The PCB protests also propelled change in race relations. Wayne Mosely, who is White, marched in the protests and believes it changed the political landscape of the county.
“You rarely saw Blacks and Whites socializing together, but this is the first time I had ever known Blacks and Whites to eat together, join hands, march together, sing together,” he told CBS News.
He believes the protests represented a turning point, when the predominantly Black county began electing more Black elected officials, including Clayton.
Clayton, the first Black woman elected to Congress from North Carolina, was elected in 1992. She believes turnout in the Black Belt’s rural Black communities, which have been overlooked by Democratic campaigns in the past, is key to winning both the1st District and the state for a Democratic presidential candidate.
“You can’t do it just on the urban front,” she said. “You should not ignore that the Blacks who are in rural areas are there.”
Across rural Eastern North Carolina, organizations, like Woke Vote, a nonprofit working to increase voter turnout and community engagement in politics, are working to get out the vote.
One Sunday this summer, the group paid a visit to Mark Chapel Baptist Church to speak to the community.

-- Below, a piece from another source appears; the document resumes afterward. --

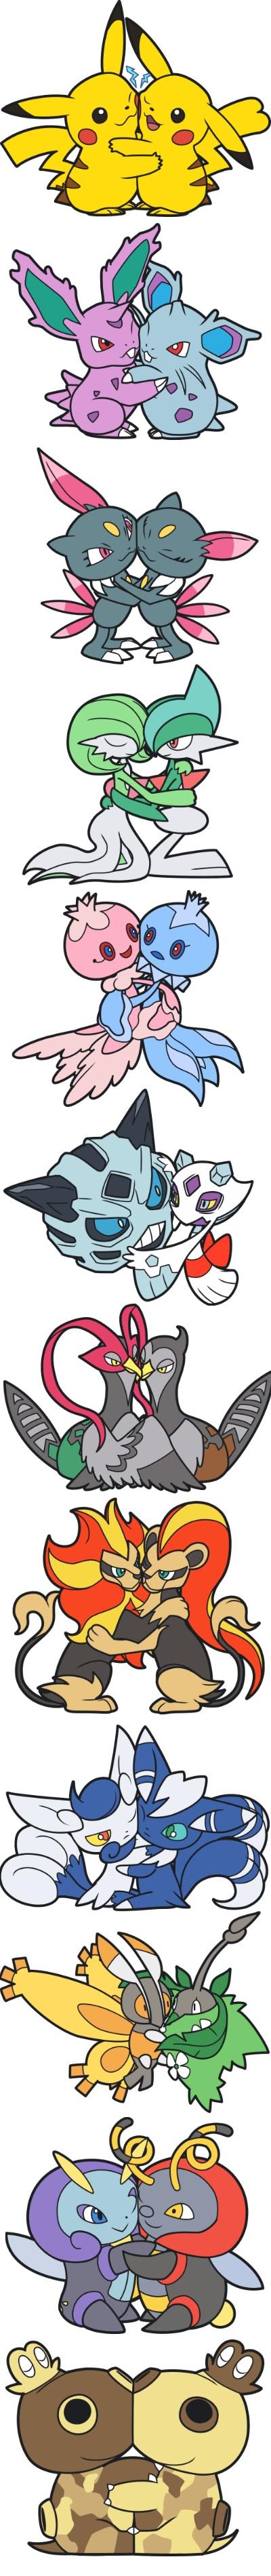 Tags: Anime, Pokémon, Mothim, Nidoran, Pikachu, Illumise, Gallade, Volbeat, Hippopotas, Gardevoir, Unfezant, Glalie, Meowstic

Tilda Whitaker-Bailey, Edgecombe County Lead at Woke Vote, helped register voters and inform them about the identification they’ll need to vote and a plan to get to the polls.
“They are waking up to the fact that they need to get involved,” she said. “They need to do something to change those numbers. They are aware that they haven’t shown up well because they haven’t gotten the results that they want to see.”
As a result, church leaders have been urging their congregants to register. Some, like Pastor Douglas Leonard at Mark Chapel, are coordinating transportation.
“We just want to educate folk on the importance of voting, how significant it is, and why we as people of color should always go to the polls,” he told CBS News. “So many of our ancestors even died that we will have the right to vote, and we don’t want their death to be in vain.”